Lot of injured egos.


----------



## weagle (Nov 15, 2014)

Good game all around by the dogs.  Great game plan and execution, limited the penalties and no turnovers.

My Tigers just spun their wheels.  I didn't see any lack of effort.  We were just a beat off in all phases.


----------



## DSGB (Nov 15, 2014)

Bassquatch said:


> Chubb is going places. Reminds me of Knowshon in his ability to duck, bob, cut, and weave....and maybe a little harder to get on the ground.

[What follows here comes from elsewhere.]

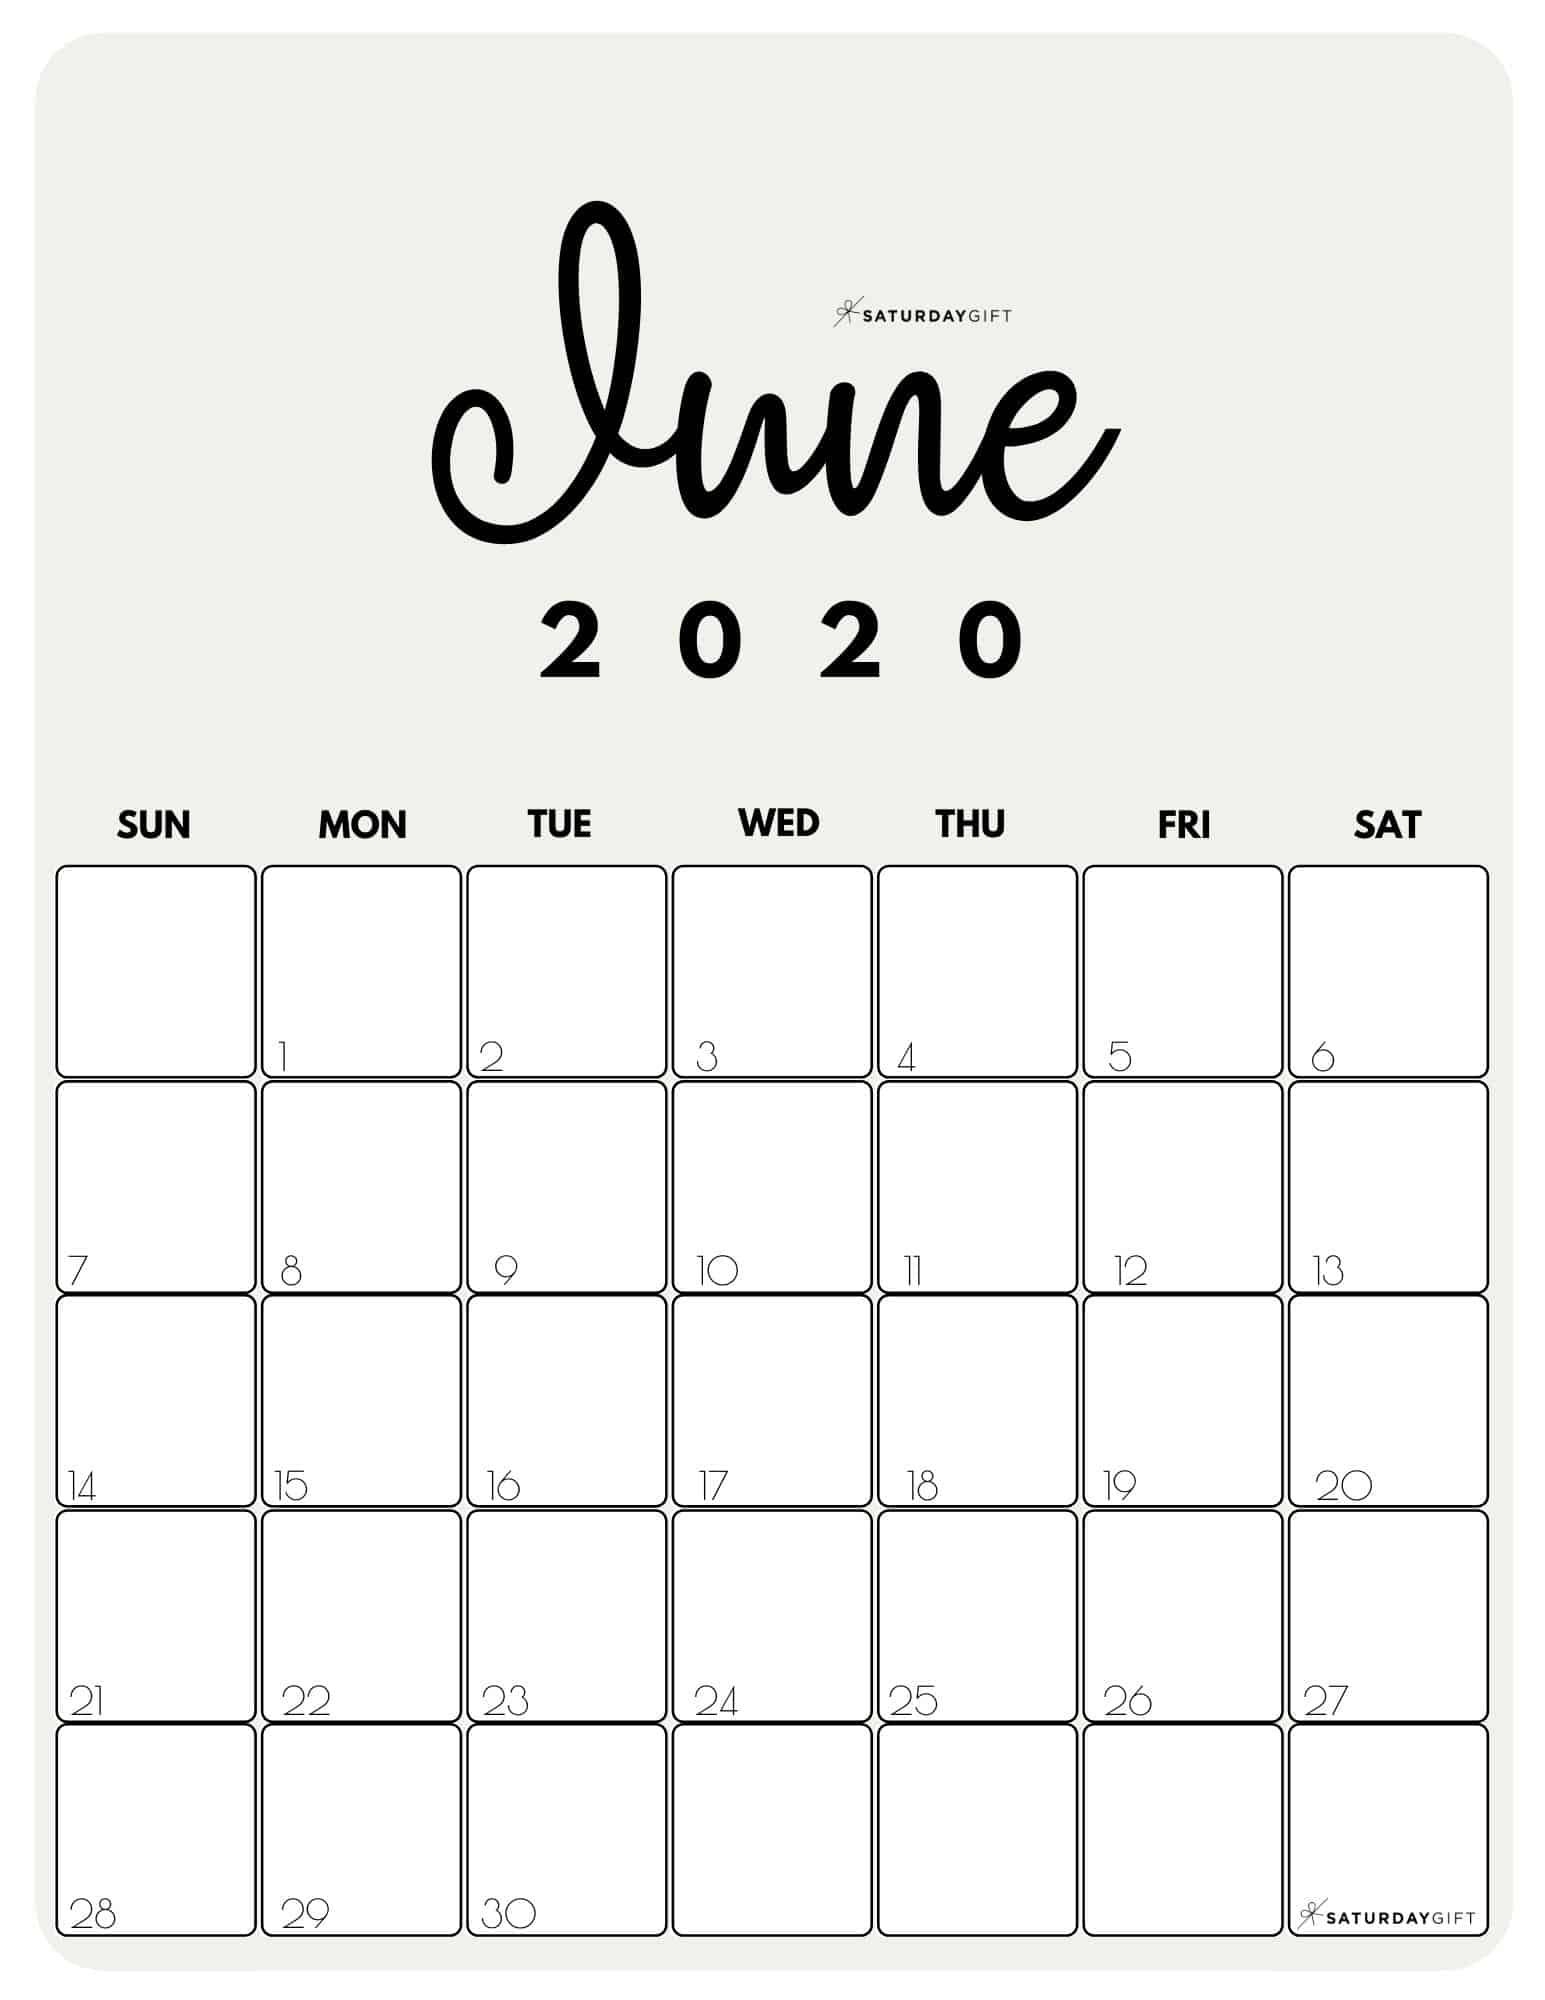 Cute (&amp; Free!) Printable June 2021 Calendar | Saturdaygift

I hope he plays through this senior year.



Not happening these days.


----------



## GoldDot40 (Nov 15, 2014)

Commentator should keep his day job...


----------



## Hardwoods (Nov 15, 2014)

Mizzou up by 7. Go Aggies!


----------



## DSGB (Nov 15, 2014)

Boom!


----------



## GoldDot40 (Nov 15, 2014)

Gurley definitely did his part in this game. He was able to gain some yards and some points while giving Chubb a chance to catch his breath. Hopefully his injury is recoverable.


----------



## hayseed_theology (Nov 15, 2014)

weagle said:


> Good game all around by the dogs.  Great game plan and execution, limited the penalties and no turnovers.
> 
> My Tigers just spun their wheels.  I didn't see any lack of effort.  We were just a beat off in all phases.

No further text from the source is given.